This is what we see if if we use that RCI based on the baseline SD from whole (finite) population, i.e. from a perfect estimate of the true SD.

Show code

tibSamples %>%
  tabyl(RCIcat3way) %>%
  ### this just deals with an oddity that janitor::tabyl() says its variable is "percent" but 
  ### actually gives proportions
  mutate(percent = 100 * percent, # convert to percentages
         percent = sprintf("%4.2f", percent), # get to 2 d.p. and then ... add "%"
         percent = str_c(percent, "%")) %>%
  flextable() %>%
  autofit() %>%
  ### as percent is now a character variable it would align left by default hence ...
  align(j = "percent", align = "right")

RCIcat3way	n	percent
No reliable change	38,048	95.12%
Reliable deterioration	1,023	2.56%
Reliable improvement	929	2.32%

This shows the numbers in each RCI category for each sample but using the population RCI. It also shows the chisquared p value testing the observed numbers against the expected values.

Show code

tibSamples %>%
  group_by(sampleID) %>%
  summarise(nNoRelChange = sum(RCIcat3way == "No reliable change"),
            nRelDet = sum(RCIcat3way == "Reliable deterioration"),
            nRelImp = sum(RCIcat3way == "Reliable improvement")) %>%
  rowwise() %>%
  ### run the chisquared test squashing warnings
  mutate(chisqP = suppressWarnings(chisq.test(as.table(rbind(c(nNoRelChange, nRelDet, nRelImp),
                                                              vecExpectedNs)))$p.value)) %>%
  ungroup() -> tmpTib1

tmpTib1 %>%
  flextable() %>%
  colformat_double(digits = 3) %>%
  ### next two lines do nice conditional background colour formatting
  bg(j = "chisqP", i = ~ chisqP >= .05, bg = "green") %>%
  bg(j = "chisqP", i = ~ chisqP < .05, bg = "red")
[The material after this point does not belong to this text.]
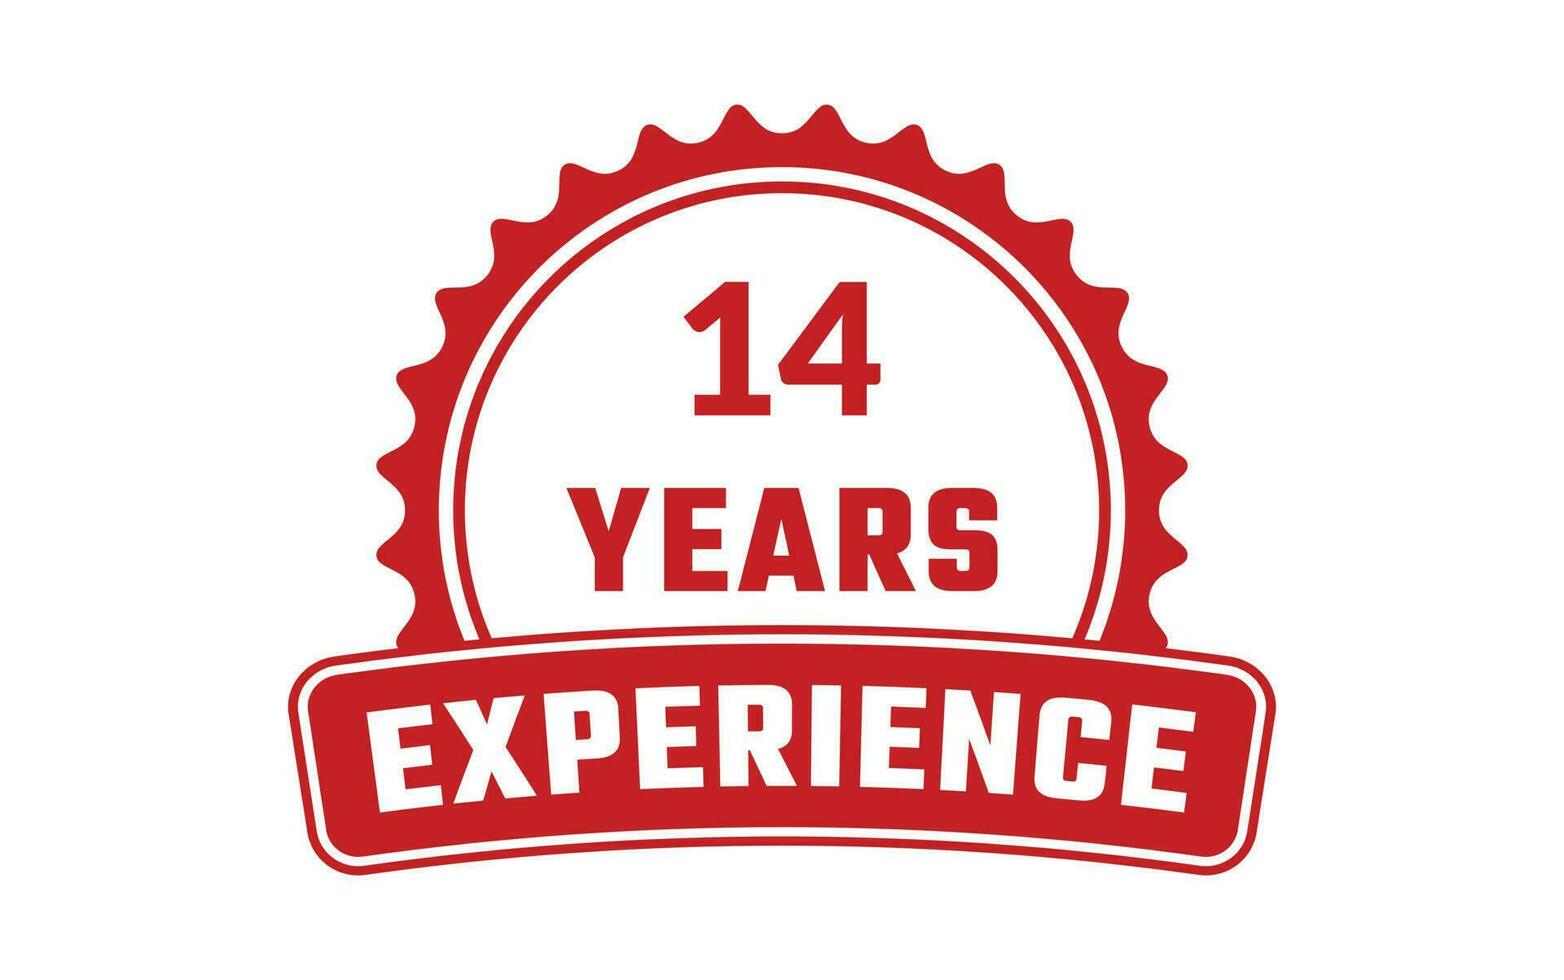 14 Years Experience Rubber Stamp vector

sampleID	nNoRelChange	nRelDet	nRelImp	chisqP
1	1,914	45	41	0.548
2	1,912	46	42	0.638
3	1,909	51	40	0.565
4	1,913	49	38	0.429
5	1,899	55	46	0.817
6	1,893	60	47	0.602
7	1,899	45	56	0.740
8	1,888	48	64	0.407
9	1,916	44	40	0.458
10	1,906	62	32	0.073
11	1,892	52	56	0.820
12	1,915	35	50	0.258
13	1,905	49	46	0.912
14	1,888	62	50	0.516
15	1,899	53	48	0.938
16	1,902	52	46	0.902
17	1,901	53	46	0.881
18	1,905	54	41	0.591
19	1,894	58	48	0.725
20	1,898	50	52	0.980

Show code

tmpTib1 %>%
  summarise(meanP = mean(chisqP)) %>%
  pull() -> valMeanP

So that shows that all the proportions were as you’d expect given random fluctuations across the samples, and that the chisquared test p value was above .05 for all the samples. The mean p value is 0.64.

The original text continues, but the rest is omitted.